··· Supplied records
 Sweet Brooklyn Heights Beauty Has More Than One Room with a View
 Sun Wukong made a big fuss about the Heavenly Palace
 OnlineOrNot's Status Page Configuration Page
······
··· Supplied records
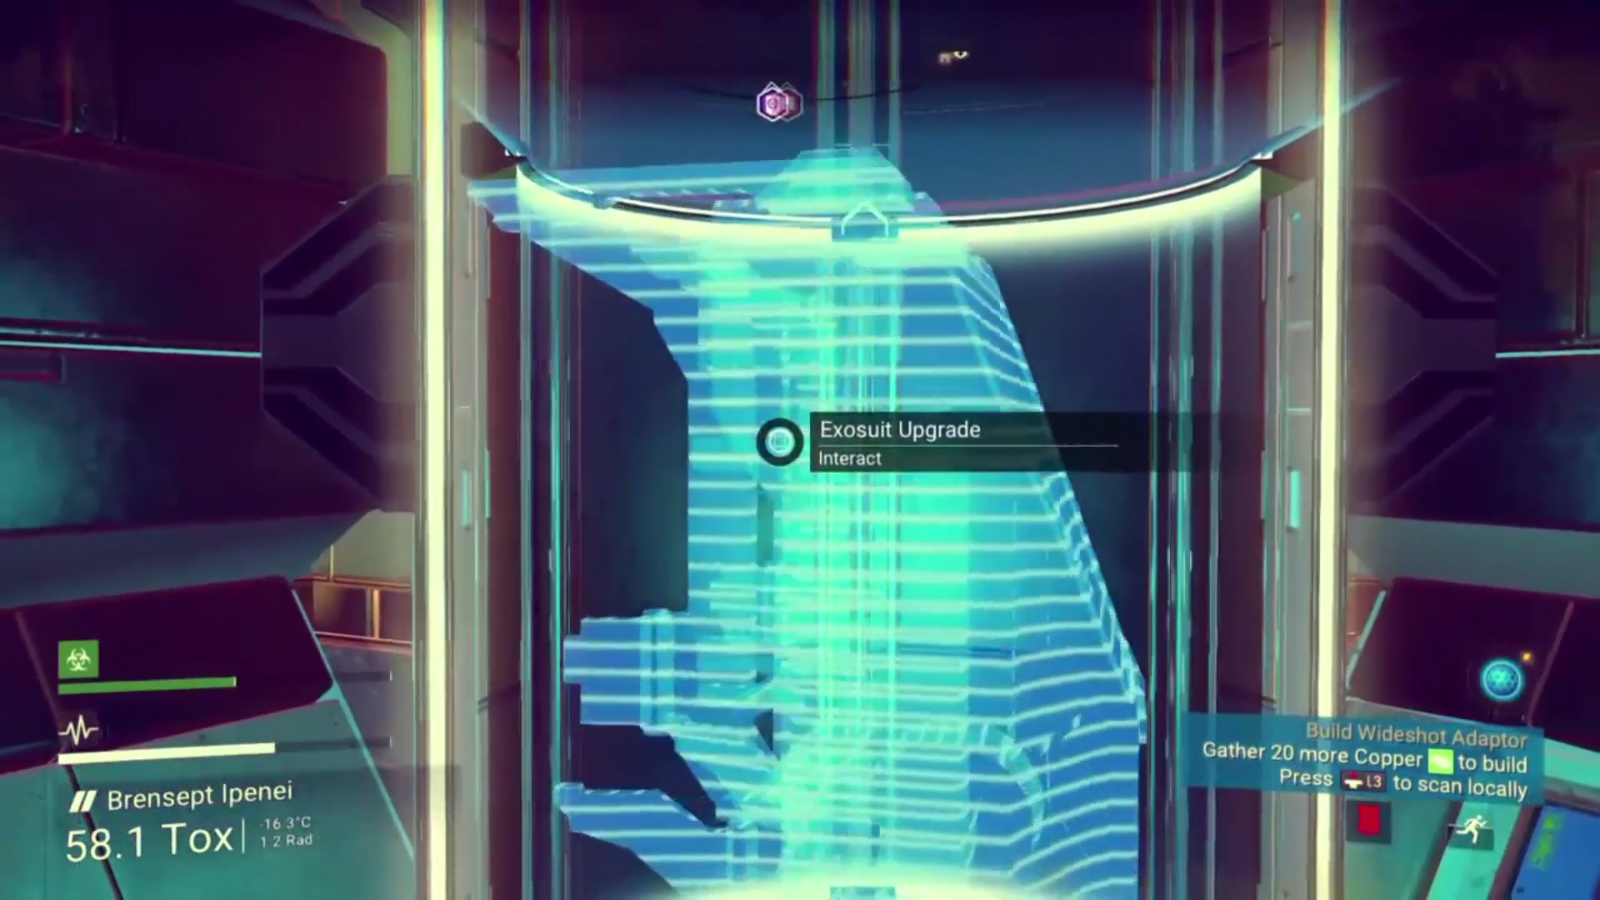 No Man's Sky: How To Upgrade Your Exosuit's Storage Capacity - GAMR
······
- _Instructions to follow_: One stretch of the lines above is wanted, from the line that contains "Sweet Brooklyn Heights" through the line that contains "OnlineOrNot's Status Page Configuration Page". Output it exactly.

- _Response to this task_:
 Sweet Brooklyn Heights Beauty Has More Than One Room with a View
 Sun Wukong made a big fuss about the Heavenly Palace
 OnlineOrNot's Status Page Configuration Page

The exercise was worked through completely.